**What you need to do**
Beneath this instruction is a block of data; output from it exactly the lines that run from the one containing "Keralan Houseboats (Rice barges)" through the one containing "Remote fishermen village", inclusive.

**Data to examine**
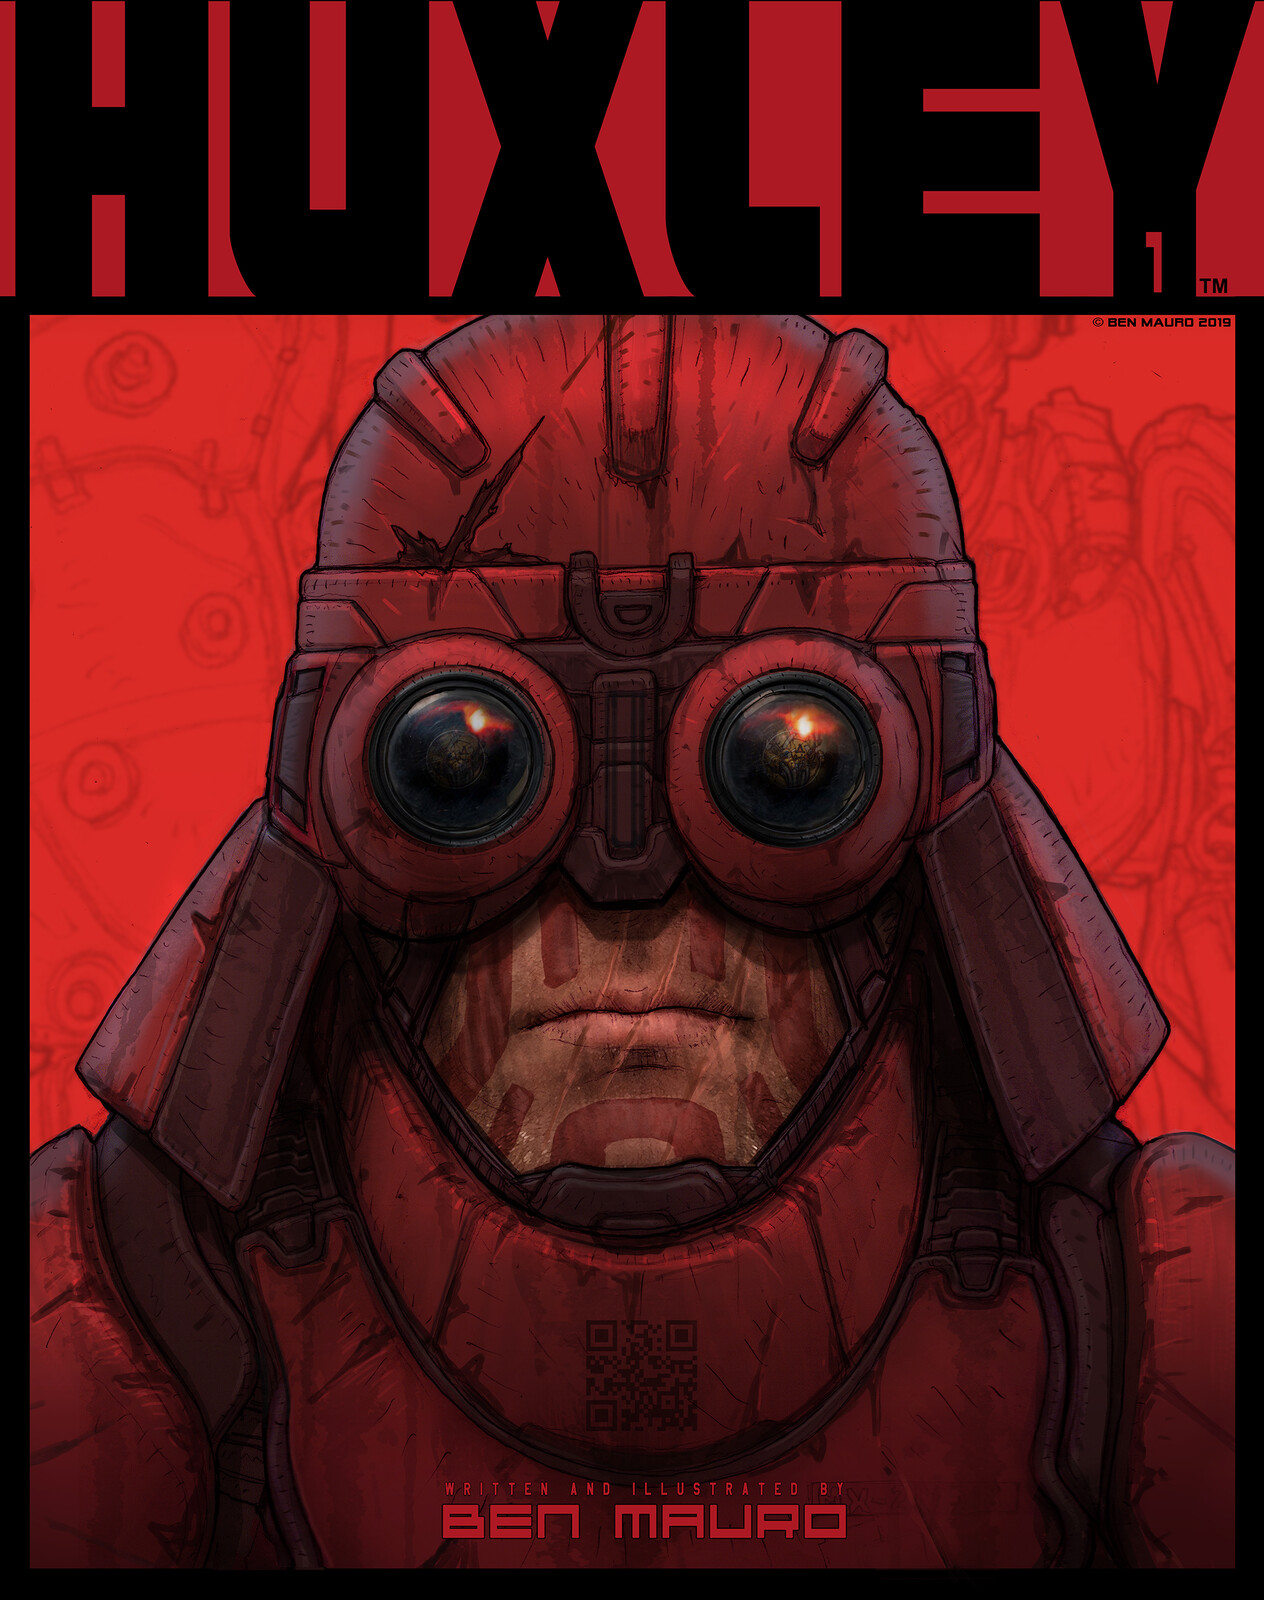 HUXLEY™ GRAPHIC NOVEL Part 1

==

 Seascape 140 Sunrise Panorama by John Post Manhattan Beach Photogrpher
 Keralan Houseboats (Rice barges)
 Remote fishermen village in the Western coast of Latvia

---

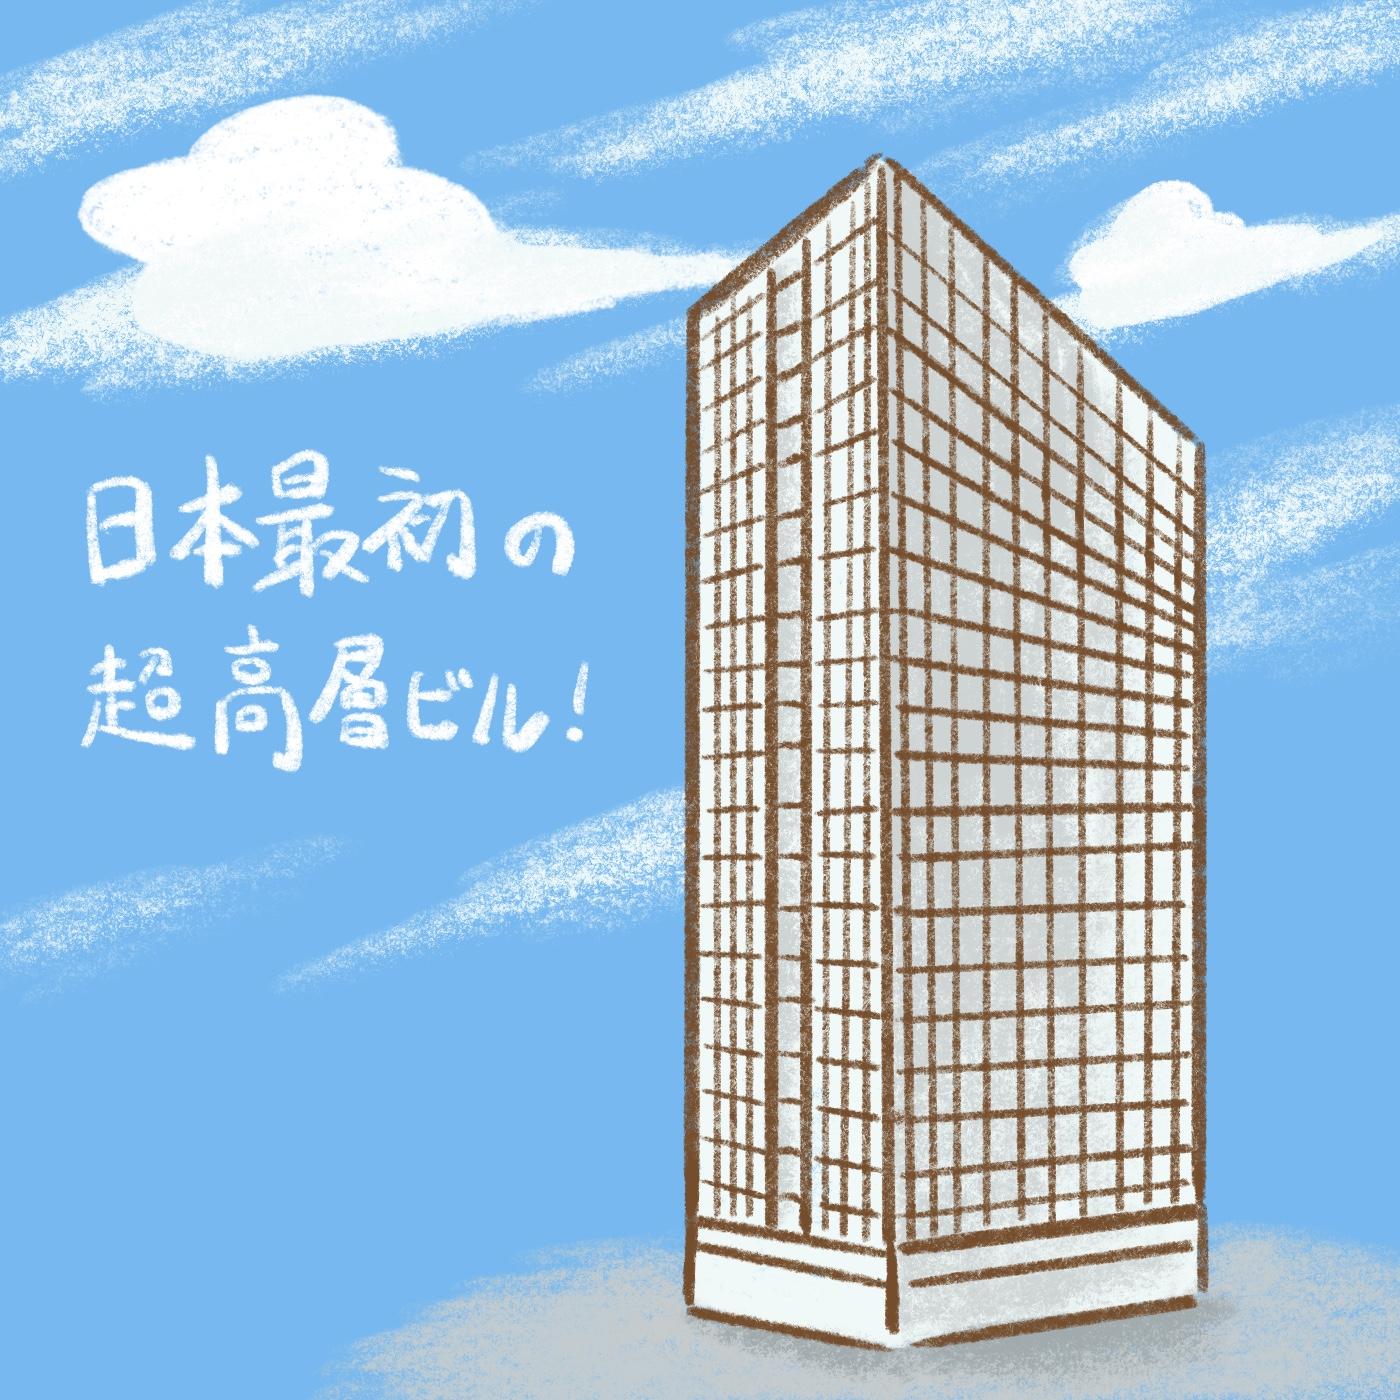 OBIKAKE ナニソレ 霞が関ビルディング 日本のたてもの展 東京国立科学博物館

**Your solution**
 Keralan Houseboats (Rice barges)
 Remote fishermen village in the Western coast of Latvia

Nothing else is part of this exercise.